> [Work instructions] Reproduce the data below in full and exclude every picture.

> [Collected data]

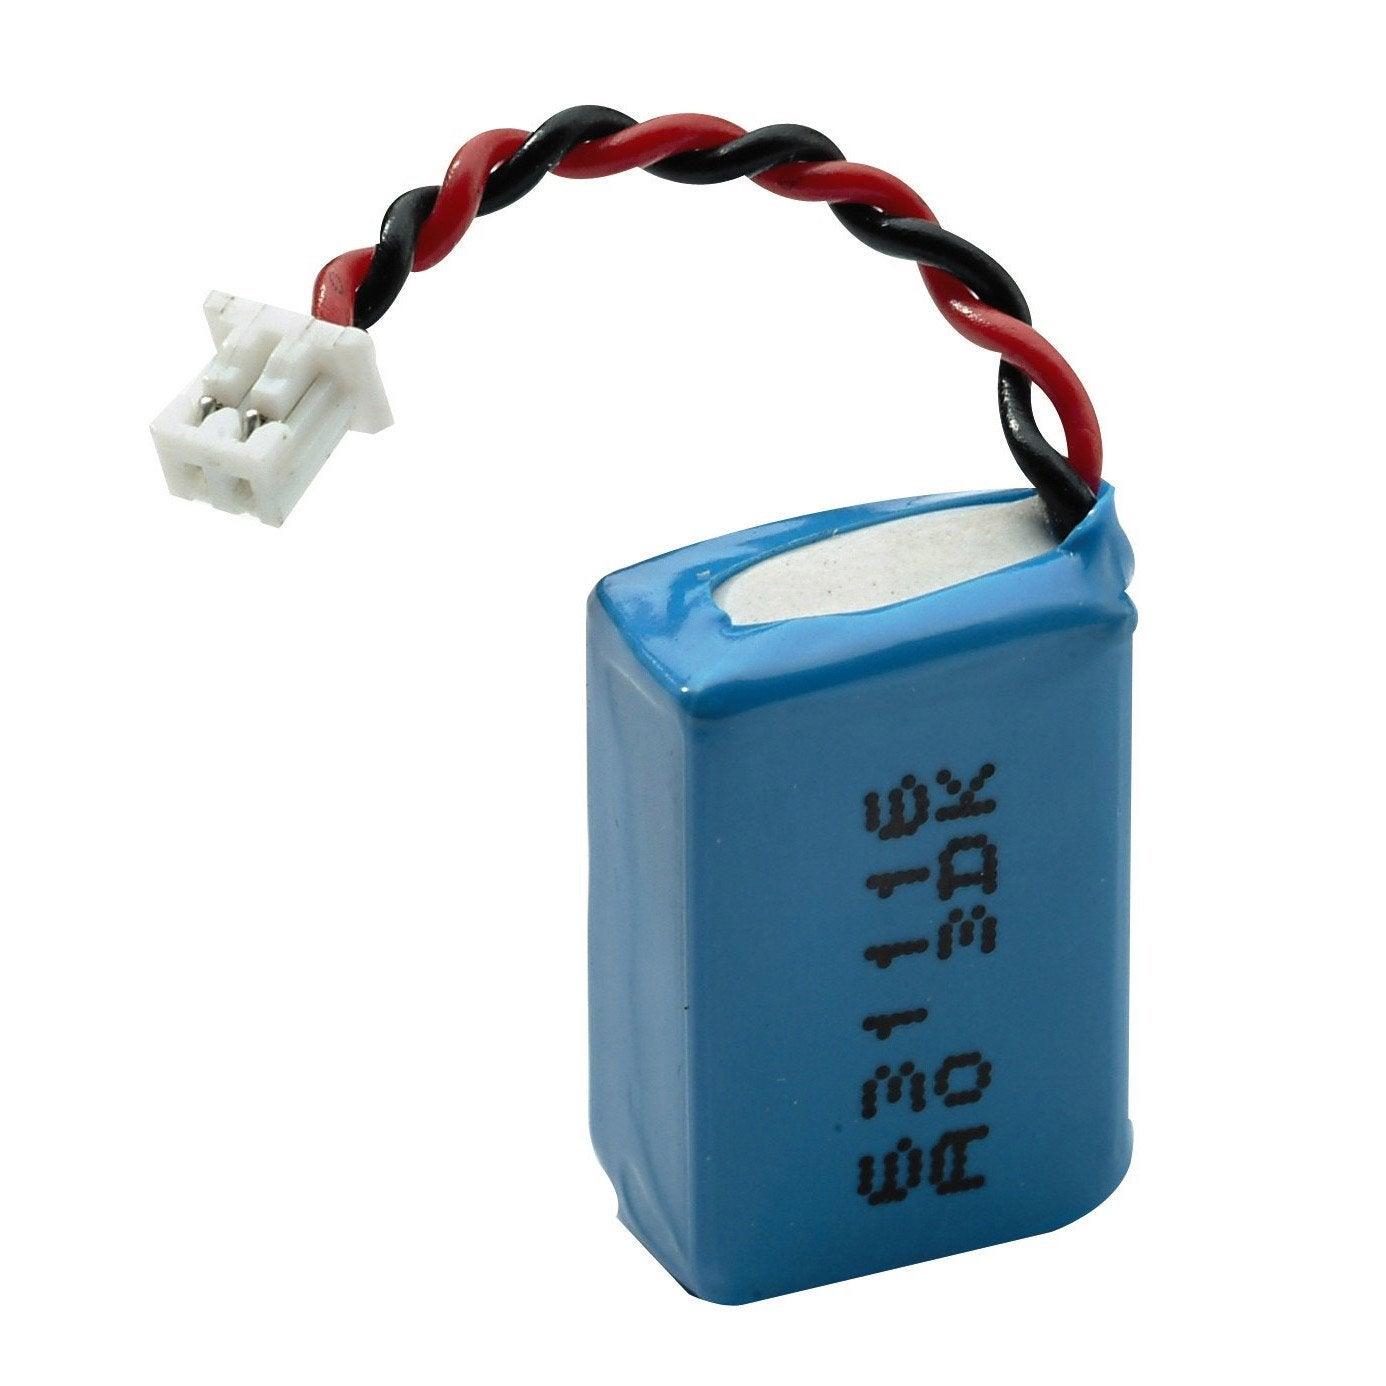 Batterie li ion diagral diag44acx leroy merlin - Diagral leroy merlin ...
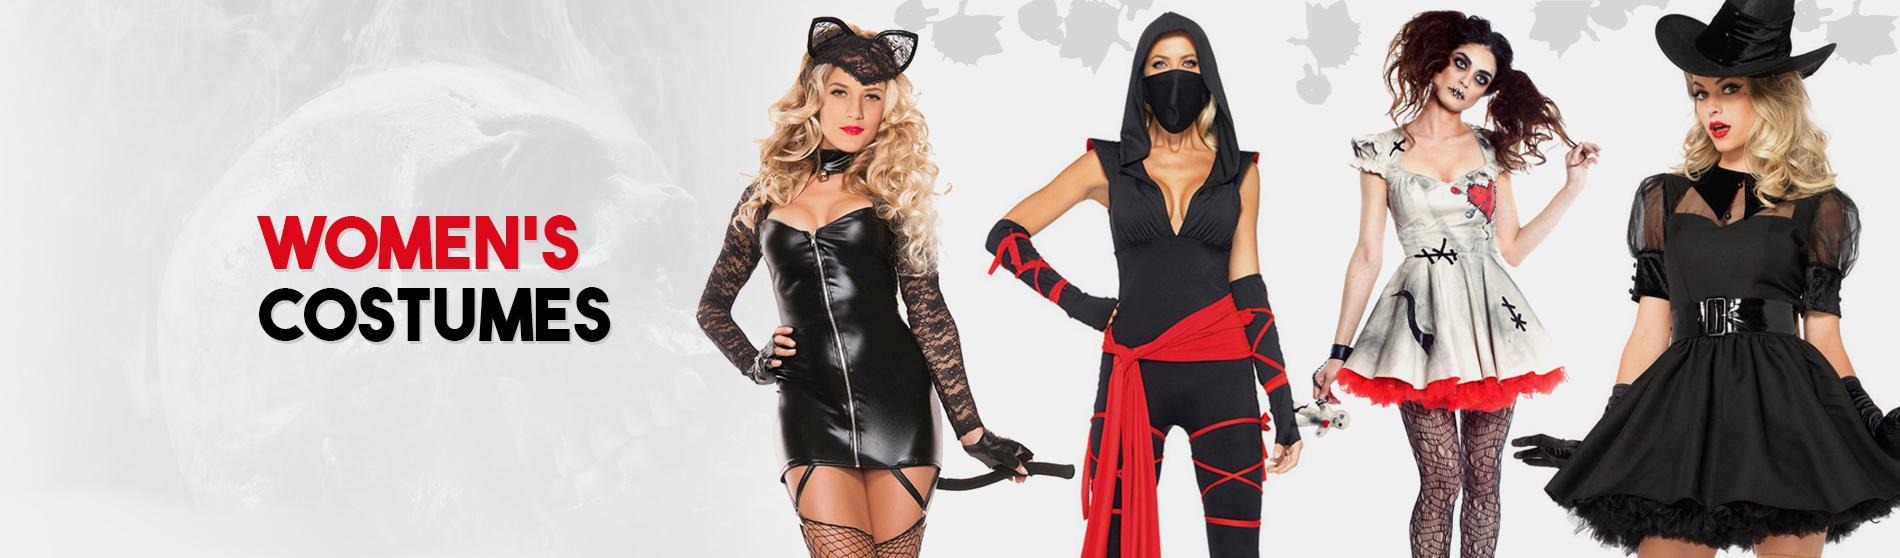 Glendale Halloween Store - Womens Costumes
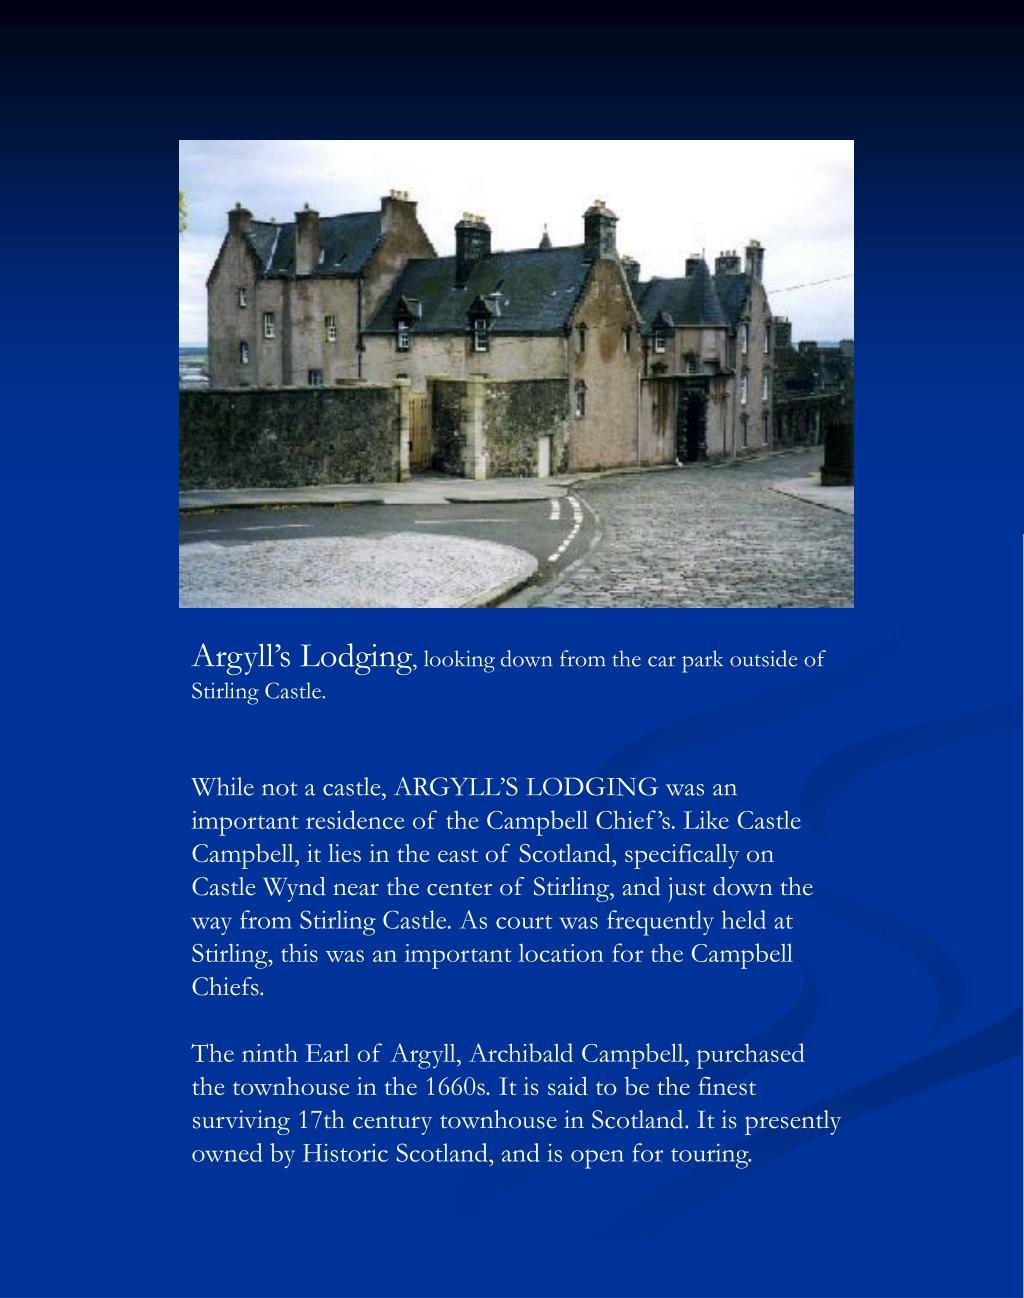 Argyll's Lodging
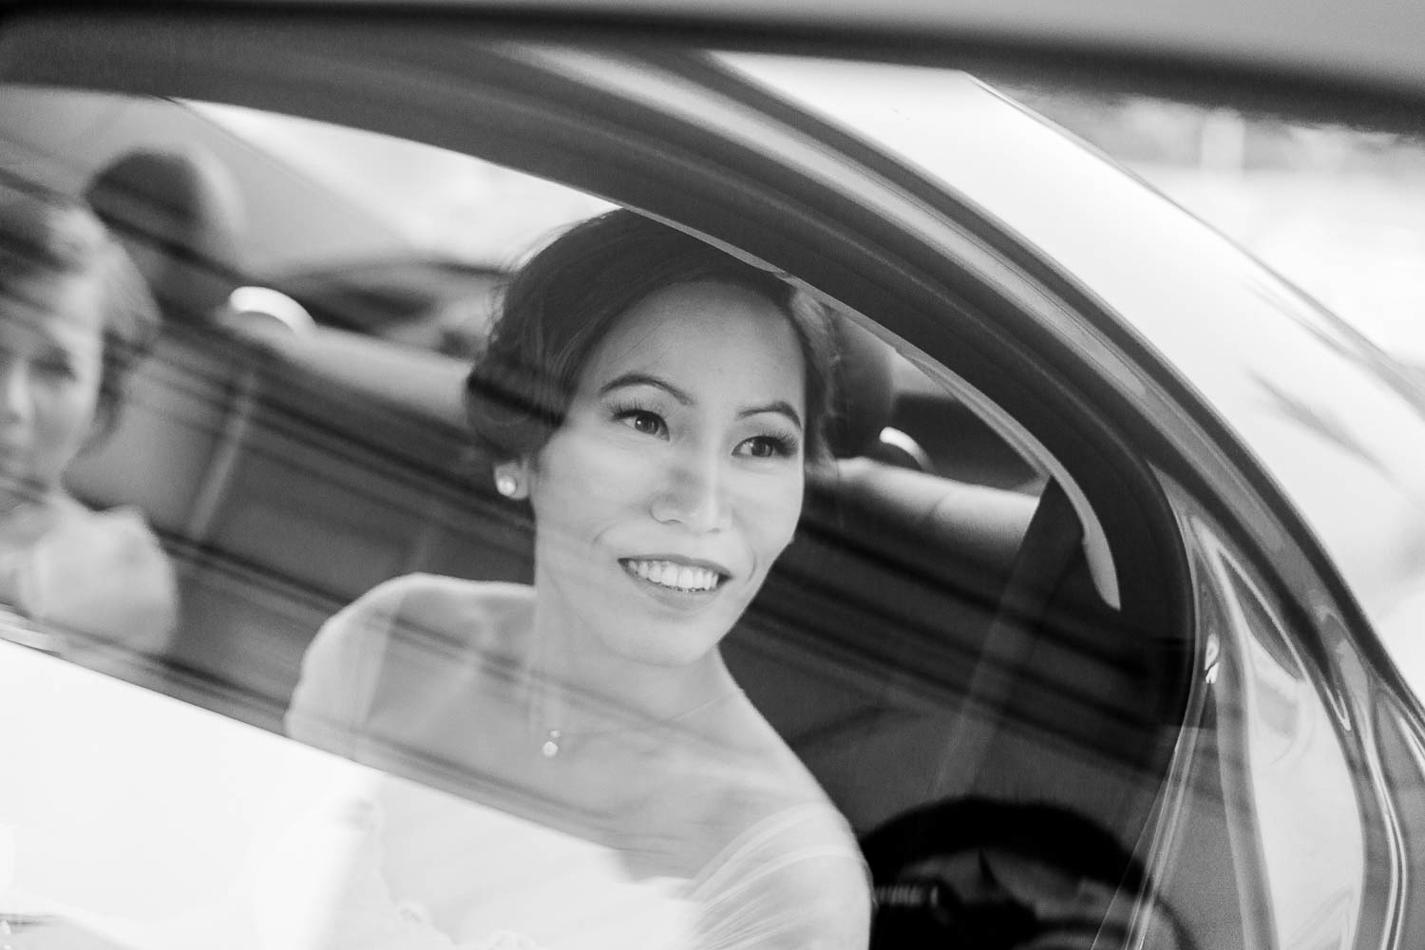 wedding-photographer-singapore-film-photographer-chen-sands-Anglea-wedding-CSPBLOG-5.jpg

> [Solution]
 Batterie li ion diagral diag44acx leroy merlin - Diagral leroy merlin ...
 Glendale Halloween Store - Womens Costumes
 Argyll's Lodging
 wedding-photographer-singapore-film-photographer-chen-sands-Anglea-wedding-CSPBLOG-5.jpg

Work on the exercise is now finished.